This change sets the minimum version to 3.2 and attempts to standardize this
across all example apps.
Also print the maximum supported GL version along with the context version
at startup.
To encapsulate endcap functions from public API, add methods to
tell the number of patch points needed (GetNumLocalPoints()) and
to compute those patch points as a result of change of basis from
the refined vertices (ComputeLocalPointValues()).
ComputeLocalPointValues takes contiguous source data of all levels
including level0 control vertices.
All examples, regression tests and tutorials directly looked into
opensubdiv source directory to grab the header files. This is somewhat
convenient during development but they can mistakenly access private
header files.
With this change, when OPENSUBDIV_INCLUDE_DIR is given to cmake,
it will be used as an include search path to build examples etc.
Otherwise it follows the same behavior as before.
Also replaces include references to the files in regression dir
to be relative, and cleanups some copy-paste patterns.
Add EvalStencils and EvalPatches API for most of CPU and GPU evaluators.
with this change, Eval API in the osd layer consists of following parts:
- Evaluators (Cpu, Omp, Tbb, Cuda, CL, GLXFB, GLCompute, D3D11Compute)
implements EvalStencils and EvalPatches(*). Both supports derivatives
(not fully implemented though)
- Interop vertex buffer classes (optional, same as before)
Note that these classes are not necessary to use Evaluators.
All evaluators have EvalStencils/Patches which take device-specific
buffer objects. For example, GLXFBEvaluator can take GLuint directly
for both stencil tables and input primvars. Although using these
interop classes makes it easy to integrate osd into relatively
simple applications.
- device-dependent StencilTable and PatchTable (optional)
These are also optional, but can be used simply a substitute of
Far::StencilTable and Far::PatchTable for osd evaluators.
- PatchArray, PatchCoord, PatchParam
They are tiny structs used for GPU based patch evaluation.
(*) TODO and known issues:
- CLEvaluator and D3D11Evaluator's EvalPatches() have not been implemented.

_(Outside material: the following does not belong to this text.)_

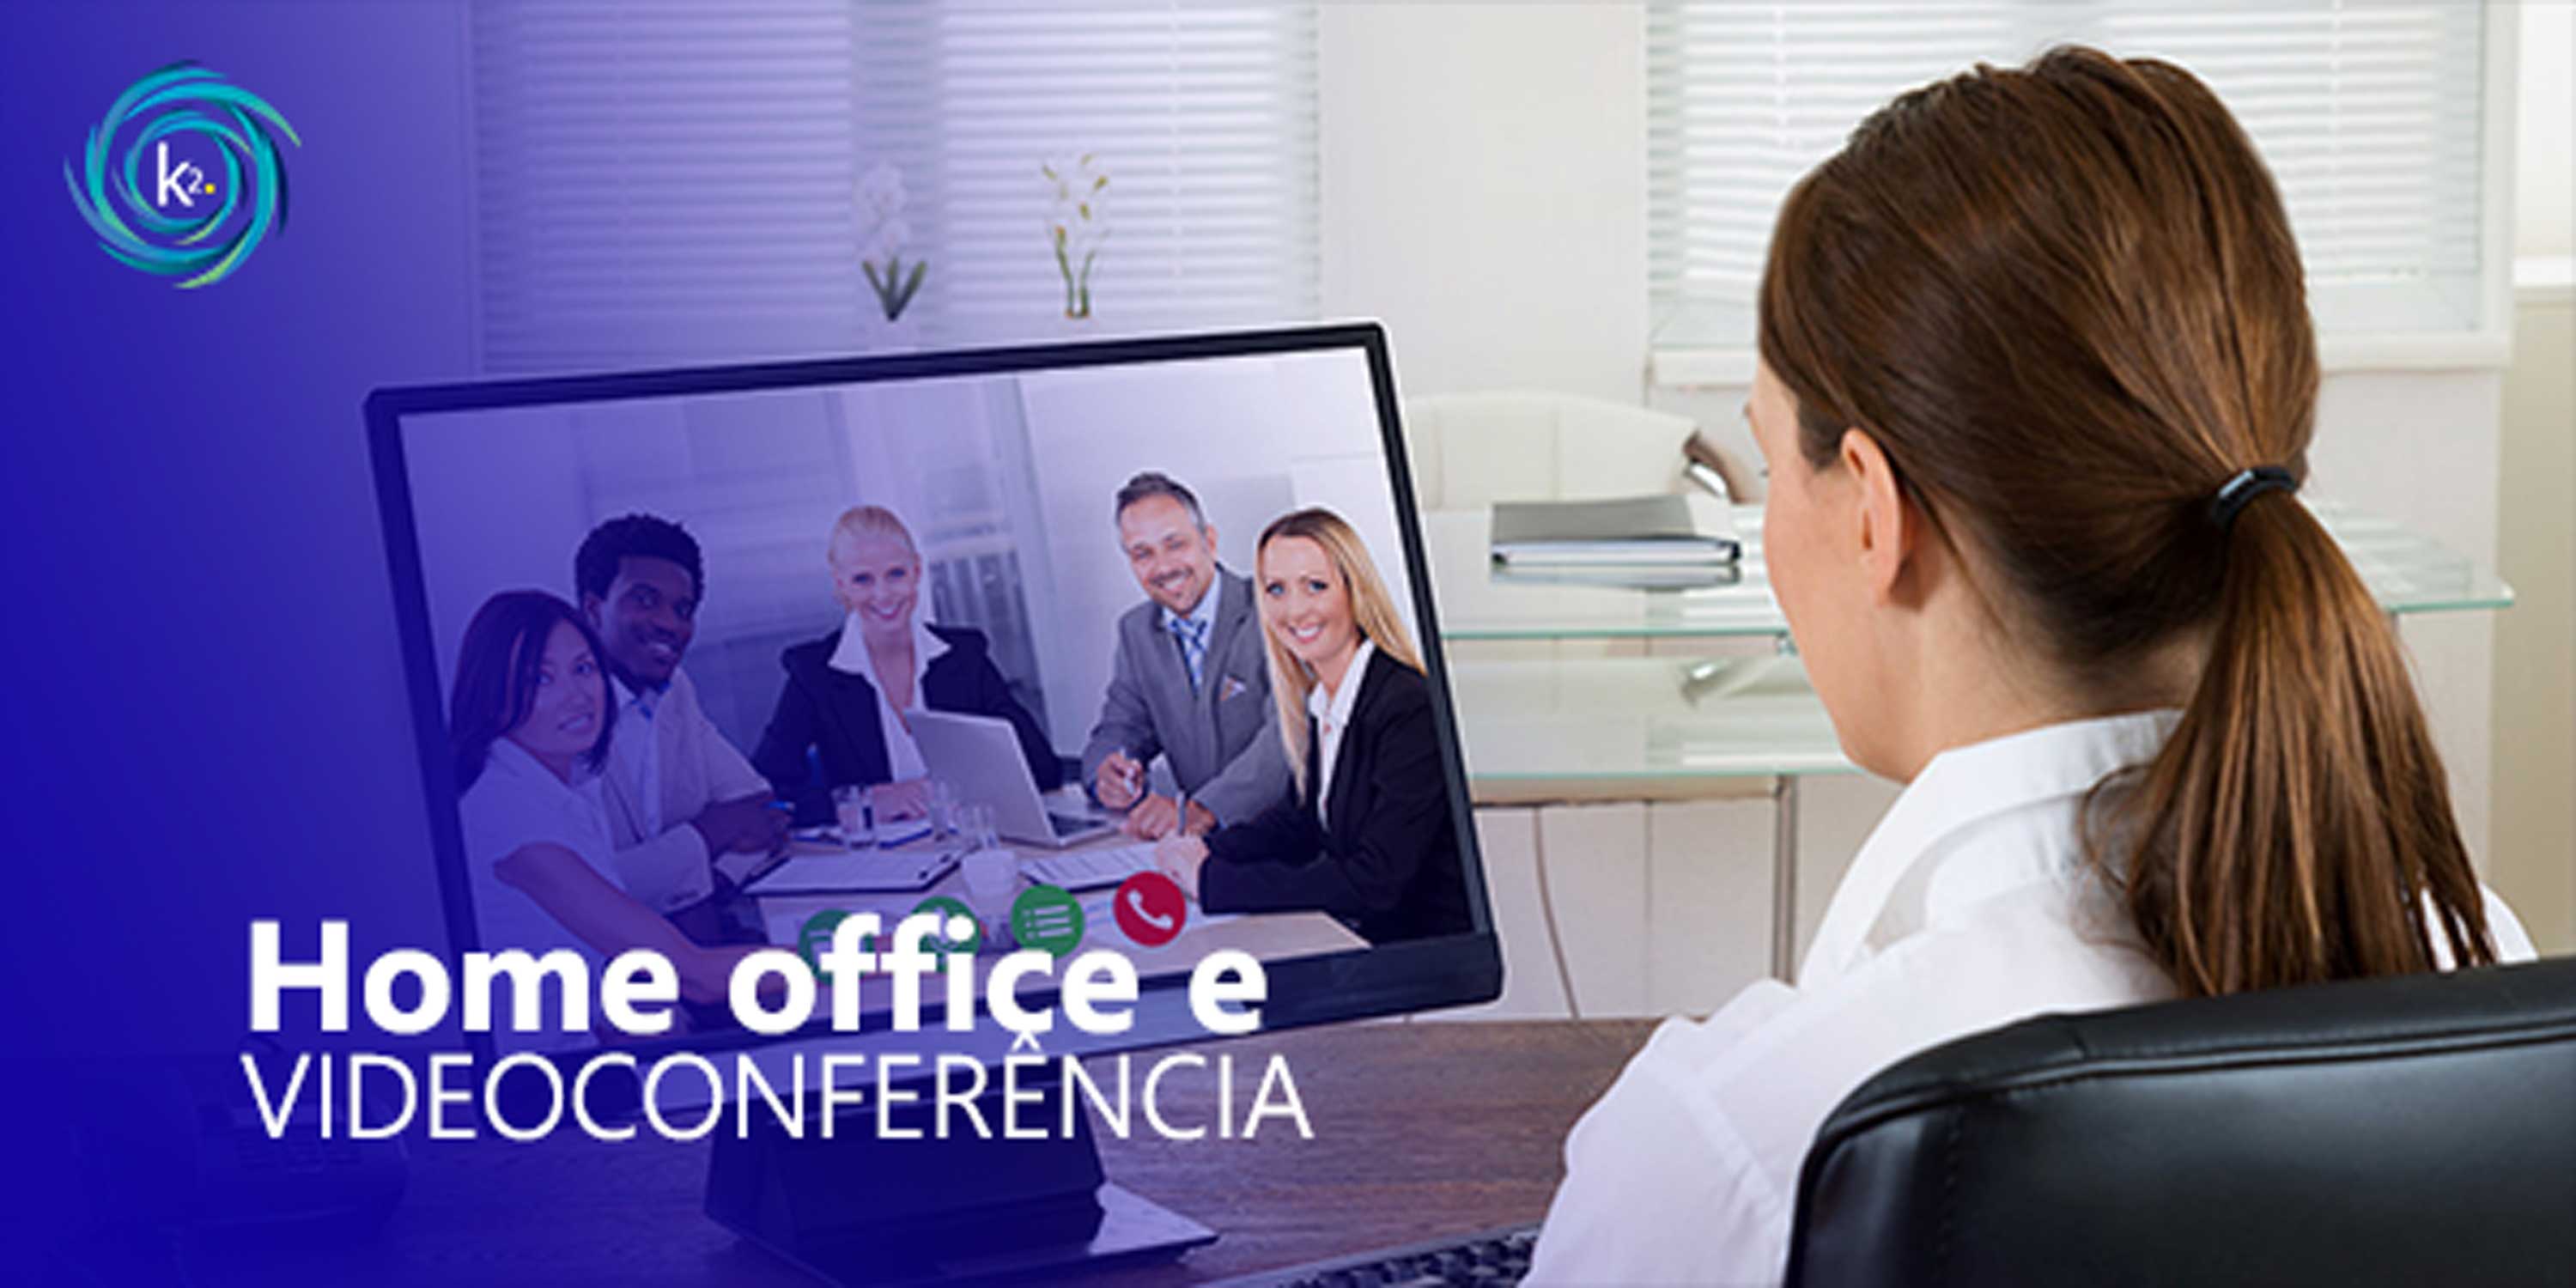 home office e videoconferência

- GPU Gregory patch evaluation has not been implemented in EvalPatches().
- CudaEvaluator::EvalPatches() is very unstable.
- All patch evaluation kernels have not been well optimized.
- Currently GLXFB kernel doesn't support derivative evaluation.
There's a technical difficulty for the multi-stream output.
- it takes number and pointer for the input PatchCoords.
- add derivative evaluations.
- enhance glEvalLimit example to see the derivative evaluation works.
In osd layer, we use GLPatchTable (D3D11PatchTable) as a
device-specific representation of FarPatchTables instead of
DrawContext. GLPatchTable may be used not only for drawing
but also for GPU eval APIs (not yet supported though.
We may add CudaPatchTable etc as needed).
The legacy gregory patch drawing buffers are carved out to
the separate class, named GLLegacyGregoryPatchTable.
Also face-varying data are split into client side for now, until
we add new and more robust face-varying drawing structure
(scheduled at 3.1 release)
Tentatively replicate PatchArray structure in GLPatchTables. It will
be revised in the upcoming change.
Shifting hard-coded SRV locations of legacy gregory buffers in HLSL shaders.
As a preparation for retiring DrawContext, move SupportsAdaptiveTessellation
method to examples/common/glUtils, which is renamed and namespaced
from gl_common.{cpp,h} to be consistent to other files.
Same renamings applied to other example files.
My earlier change which simplified the categorization of
patch types broke evaluation for boundary and corner patches.
Previously, boundary and corner patches were always rotated
into a canoncial orientation by permuting the point indices
of the patch. This was convenient in some cases, but generally
made things unecessarily complicated, since the parameterization
of the patch had to be counter-rotated to compensate.
Now patches always remain correctly oriented with respect
to the underlying surface topology and evaluation of boundary
and corner patches is accommodated by simply adjusting the
spline weights to account for the missing/invalid patch
points along boundary and corner edges.
There is more to clean up and optimize, but this restores
correct behavior.
In OpenSubdiv 2.x, we encapsulated subdivision tables into
compute context in osd layer since those tables are order-dependent
and have to be applied in a certain manner. In 3.0, we adopted stencil
table based refinement. It's more simple and such an encapsulation is
no longer needed. Also 2.0 API has several ownership issues of GPU
kernel caching, and forces unnecessary instantiation of controllers
even though the cpu kernels typically don't need instances unlike GPU ones.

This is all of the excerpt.